§ **INFORMATION SUPPLIED**
- Opening Delimiter -

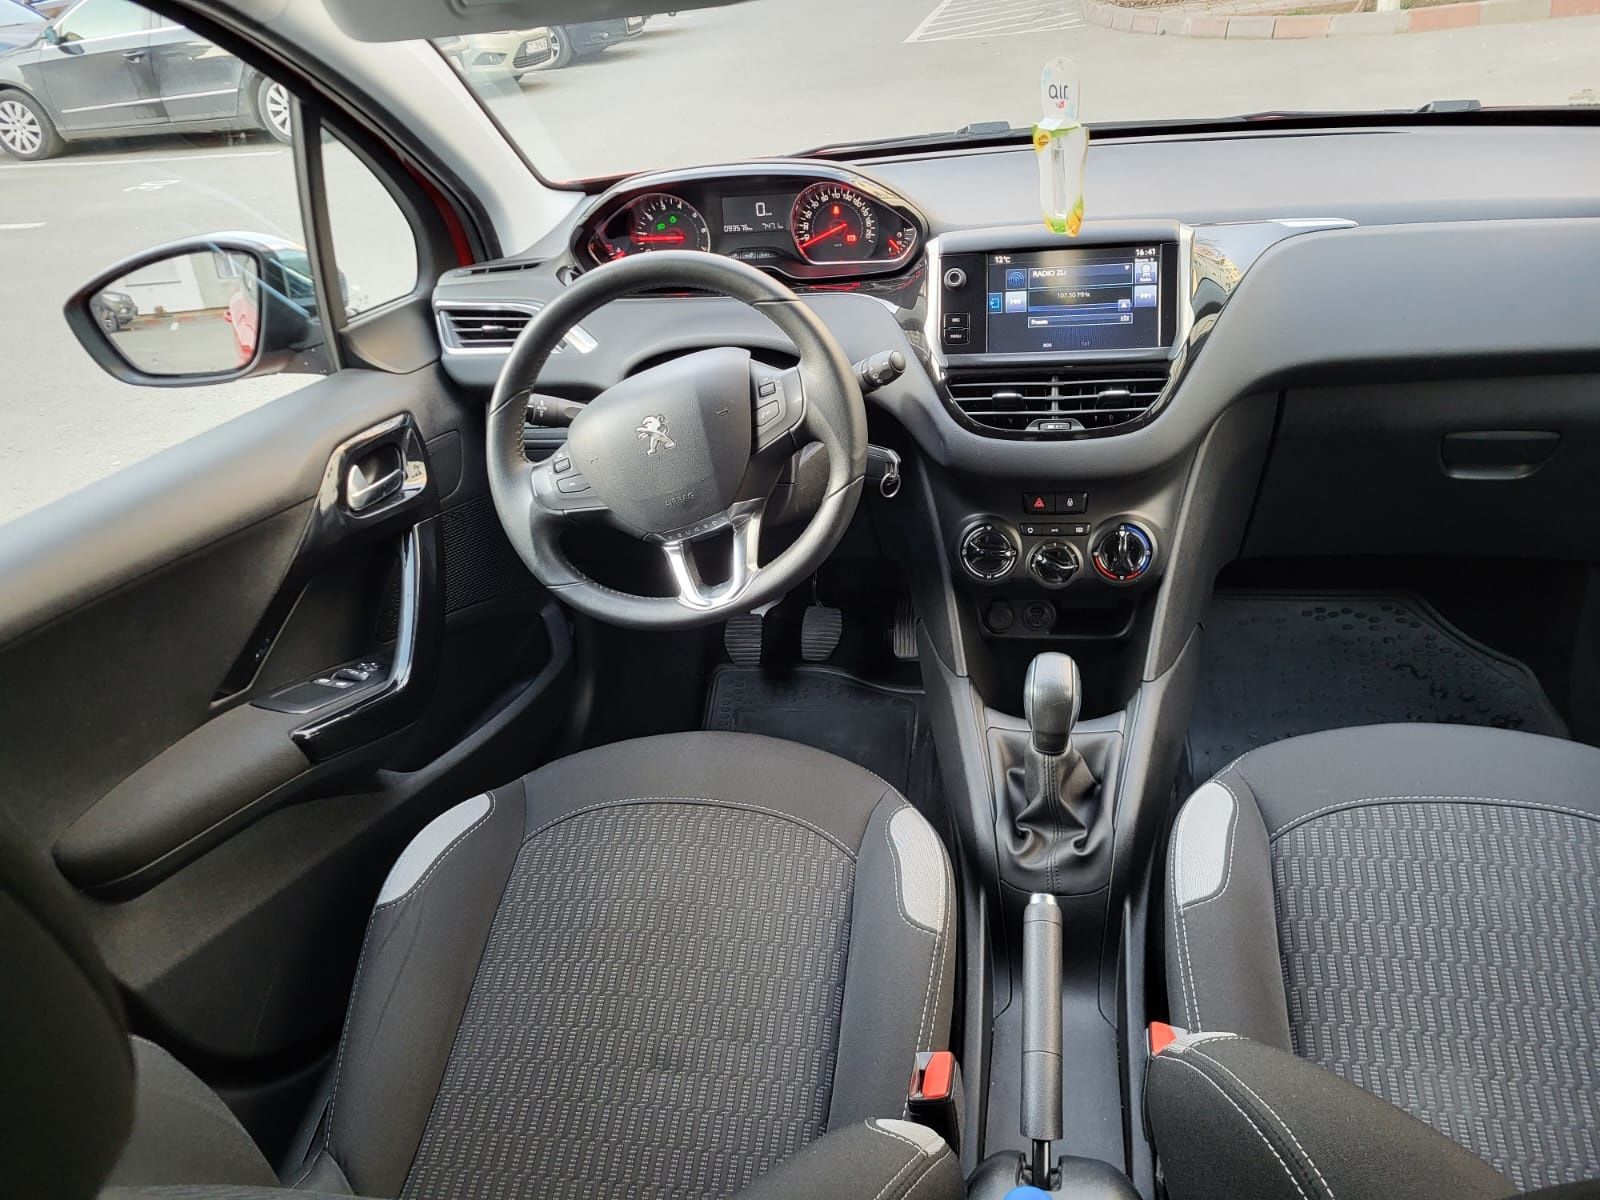 De vânzare RAR EFECTUAT Peugeot 208 STYLE 2015 1.2/82 cp benzina
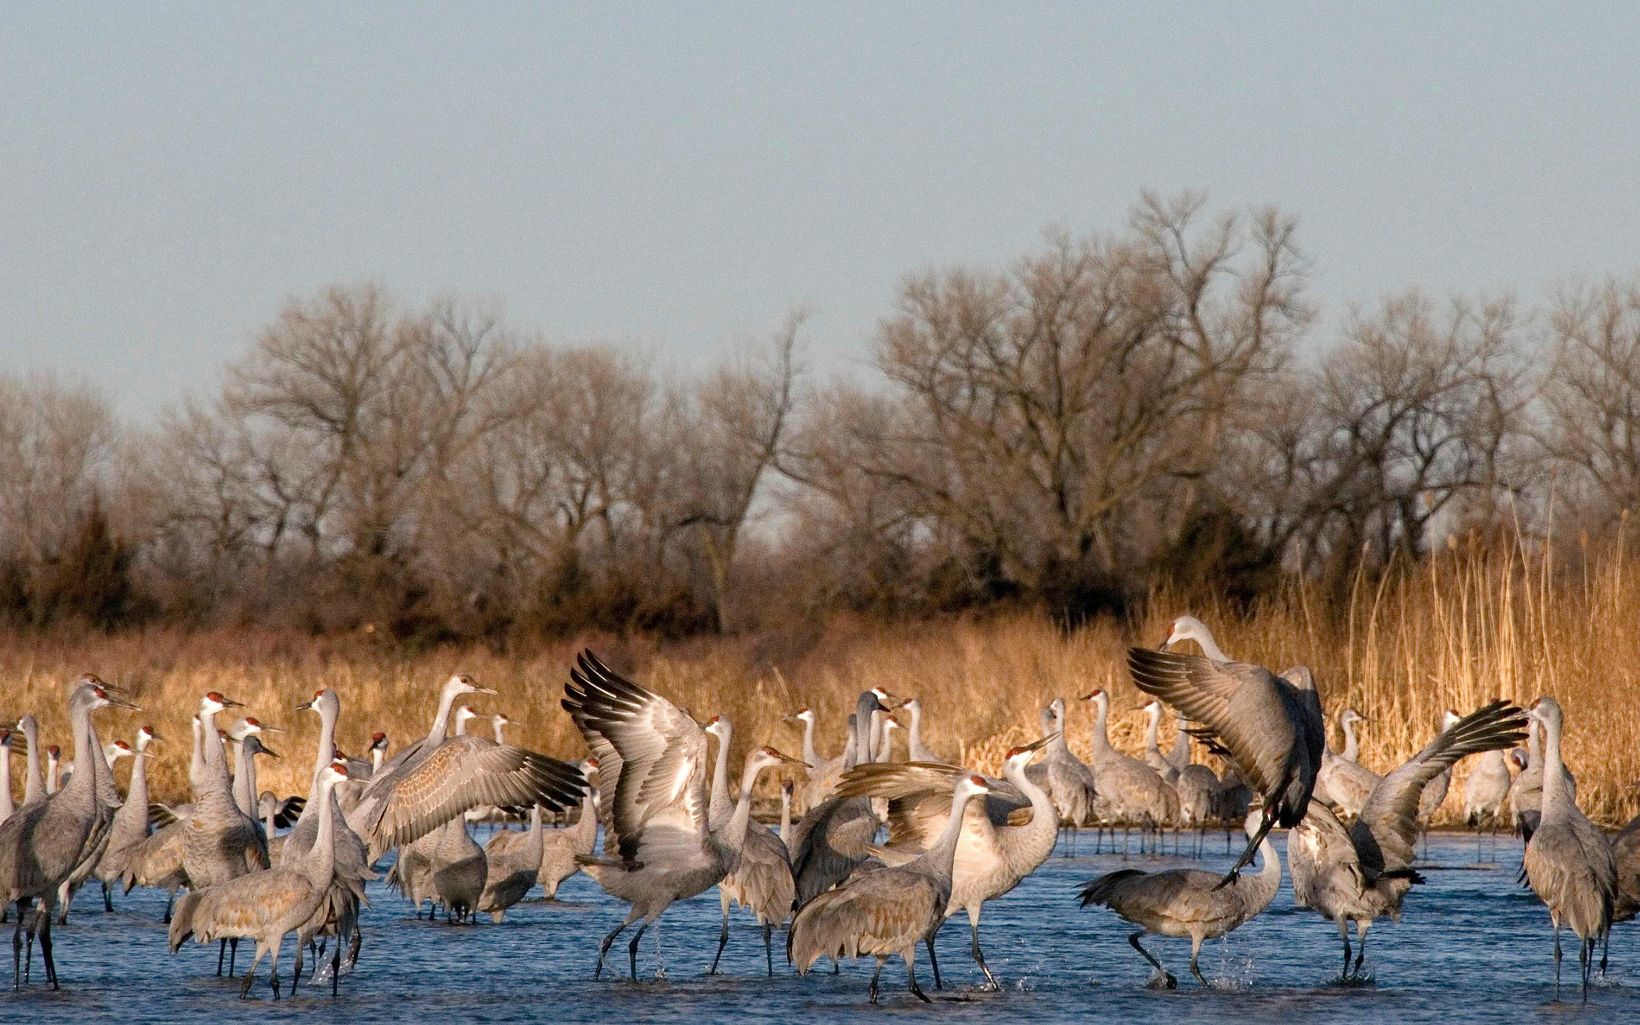 Dozens of sandhill cranes stand in shallow water.
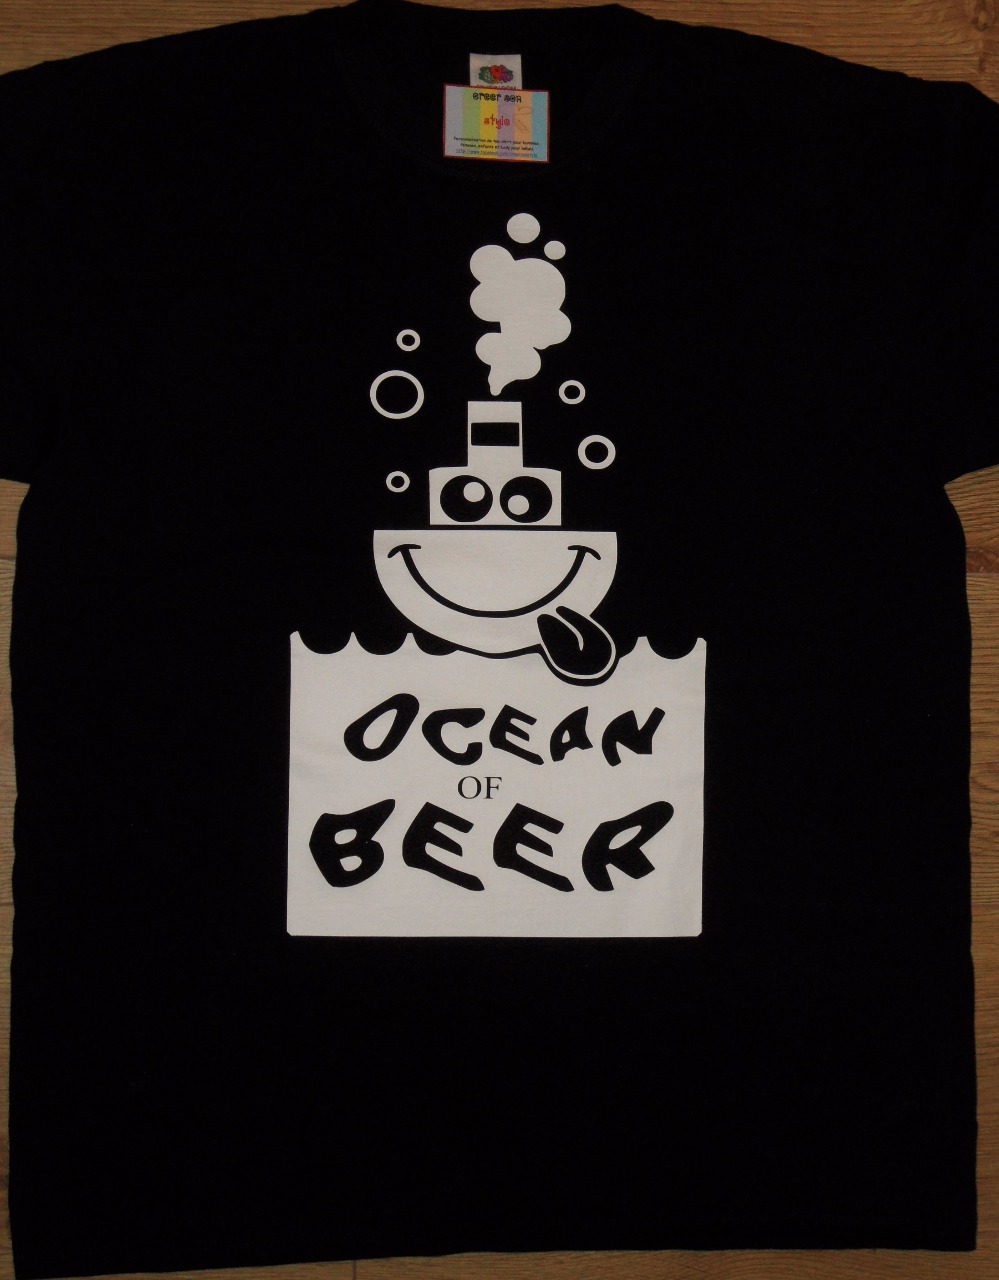 tee shirt "Ocean of beer"

- Closing Delimiter -

§ **WORK ITEM**
Reproduce the data above exactly, leaving each picture out.

§ **SOLUTION TO THIS EXERCISE**
 De vânzare RAR EFECTUAT Peugeot 208 STYLE 2015 1.2/82 cp benzina
 Dozens of sandhill cranes stand in shallow water.
 tee shirt "Ocean of beer"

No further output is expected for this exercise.